Question to the Department of Health and Social Care:

To ask the Secretary of State for Health, what his policy is on (a) research into, (b) treatment of and (c) raising awareness of 22q11.2 Deletion syndrome.

22q11.2 deletion syndrome, also known as DiGeorge syndrome, is a disorder that involves many different areas of the body and the severity can vary among patients.

The National Institute for Health Research (NIHR) and Medical Research Council support research in response to proposals from the research community and welcome high quality applications for support into any aspect of human health, including 22q11.2 deletion syndrome. These proposals are subject to peer review and judged in open competition, with awards being made on the basis of the importance of the topic to patients and health and care services, value for money and scientific quality. In all disease areas, the amount of NIHR funding depends on the volume and quality of scientific activity.

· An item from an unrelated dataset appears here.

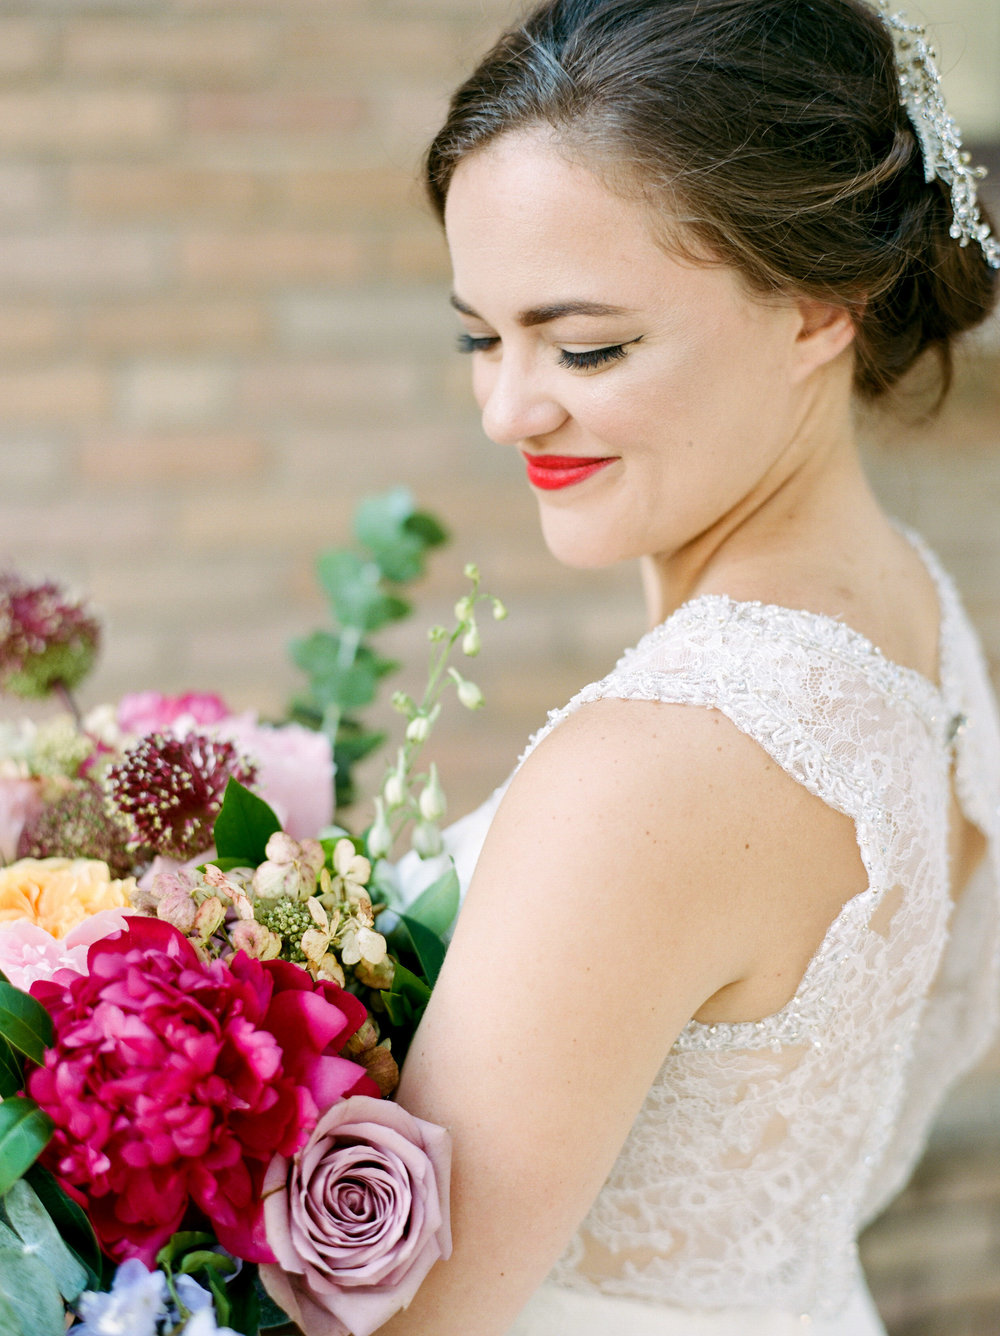 The-Knot-Texas-Fine-Art-Wedding-Film-Destination-Photographer-Houston-Austin-Dallas-New-Orleans-Julia-Ideson-Library-Event-Dana-Josh-Fernandez-Photograph-Top-Best-24.jpg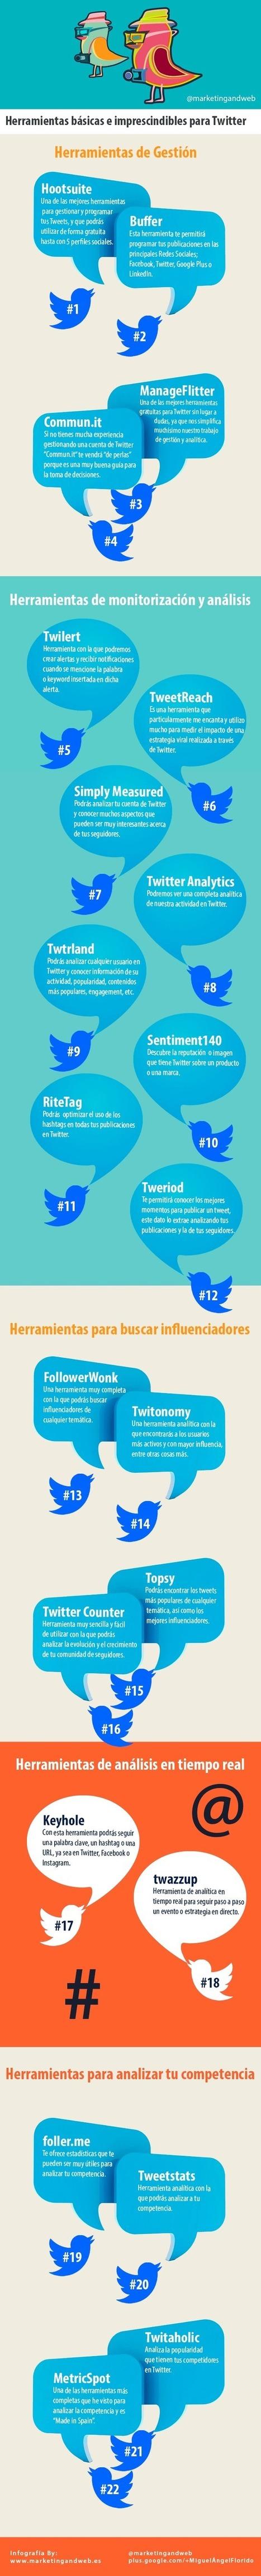 22 herramientas imprescindibles para Twitter | Bibliotecas Escolares Argentinas | Scoop.it

A number of United Kingdom centres contribute to active research programmes such as recently published research lead by Great Ormond Street into Thymus transplantation for complete DiGeorge syndrome. NIHR also fund relevant research at Great Ormond Street Biomedical Research Centre and the Maudsley Biomedical Research Centre.

There are 32 Immunology centres accredited including a number of paediatric immunology centres, Great Ormond Street Hospital, Newcastle Children’s Hospital, Birmingham and Manchester which provide services for these patients. These services are geographically spread out to meet the access needs of patients across the UK. Conditions such as 22q deletion syndrome are also an integral part of the immunodeficiency section of the training curriculum for paediatric and adult immunologists thus ensuring that expertise is acquired by these doctors and dispersed throughout the National Health Service.

An important landmark for patients with rare diseases was the publication of the 2013 UK Strategy for Rare Diseases to address the needs of all those affected by rare diseases. A progress report on the Strategy will be published in early 2018.